400kV SF6 circuit breaker Courtesy of Wikipedia Project. Author: Sushilksk"

Available short circuit current increases through the years due to addition of motor or other reactive loads in the facility that was not foreseen earlier. Another contributing factor is the increased available short circuit at the utility side due to new industrial facilities connected to them.

Another factor is the high available short circuit in the area during the design stage of a substation or switching facility. The designer opts to use CLF instead of resorting to impedance grounding or using expensive breakers with high interrupting ratings.

CFLs are usually applied in the incoming feeder to raise the circuit breaker's interrupting rating; or used in conjunction with Load Break Switches or Automatic Transfer Switches since a properly sized current limiting fuse limits the short-circuit current to within the withstand rating of the switch contacts.

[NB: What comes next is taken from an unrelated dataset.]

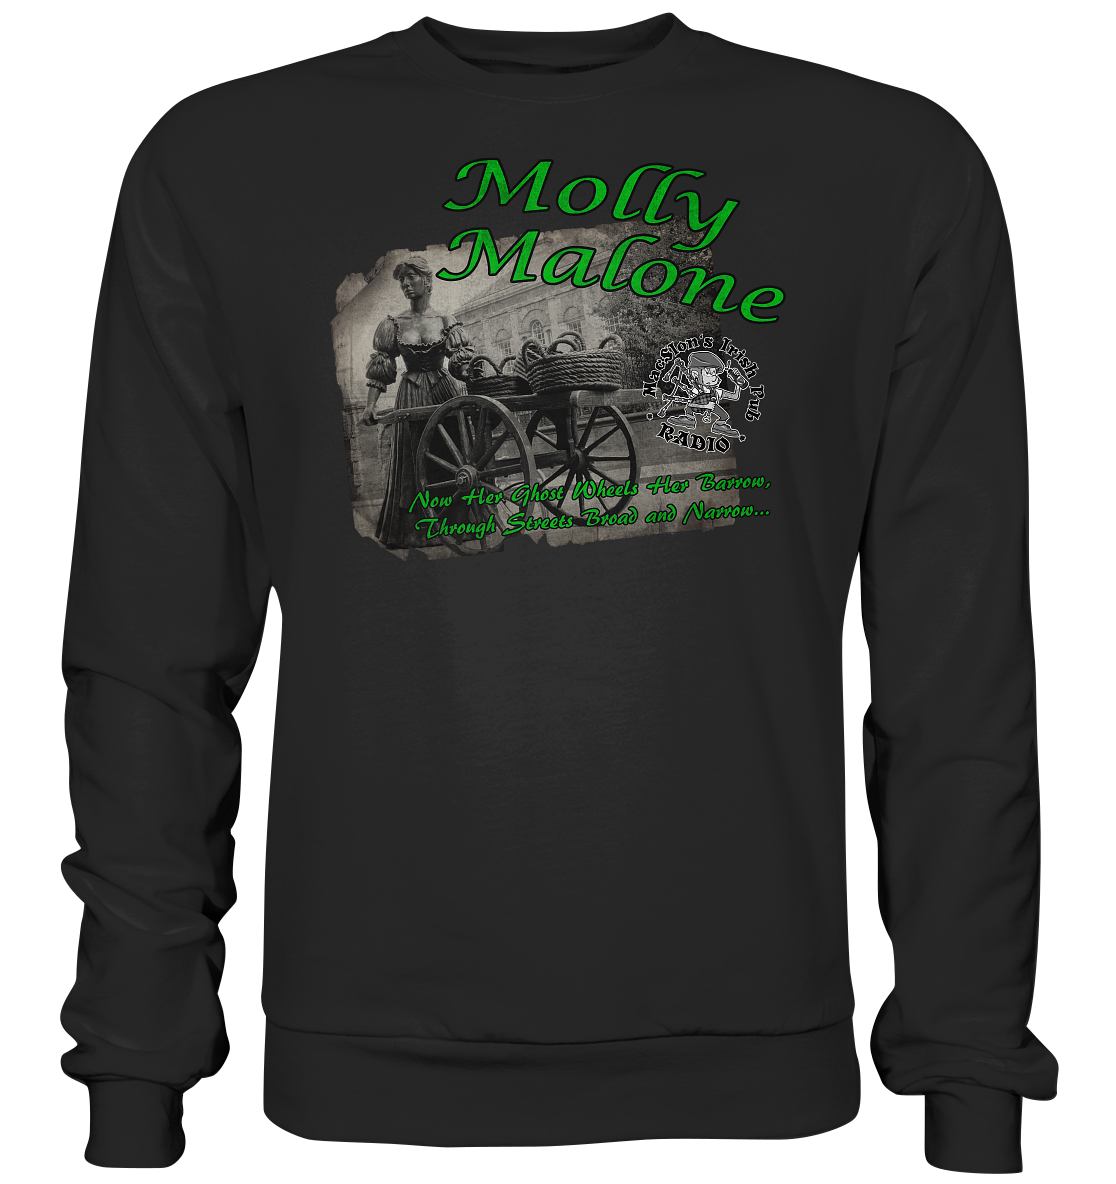 MacSlon's "Molly Malone" - Basic Sweatshirt

Using CFLs do not mean no damage to some electrical auxiliaries, i.e. contacts, bimetals or other minor parts, unless they have been designed as a combo unit, rated and tested accordingly by the manufacturer.

Non-time Delay Fuses

Fuses have different operating time. A standard fuse may require to reach 2X its rated value to open the protected circuit in about 1 sec., while the fastblow fuse at twice its rated value, will open the circuit in about 0.1 sec or less. Fastblow blow fuses are the commonly used fuses. They are used in circuitry where a delay in the opening of a protected circuit during a fault can cause considerable damage to costly electrical or electronic equipment.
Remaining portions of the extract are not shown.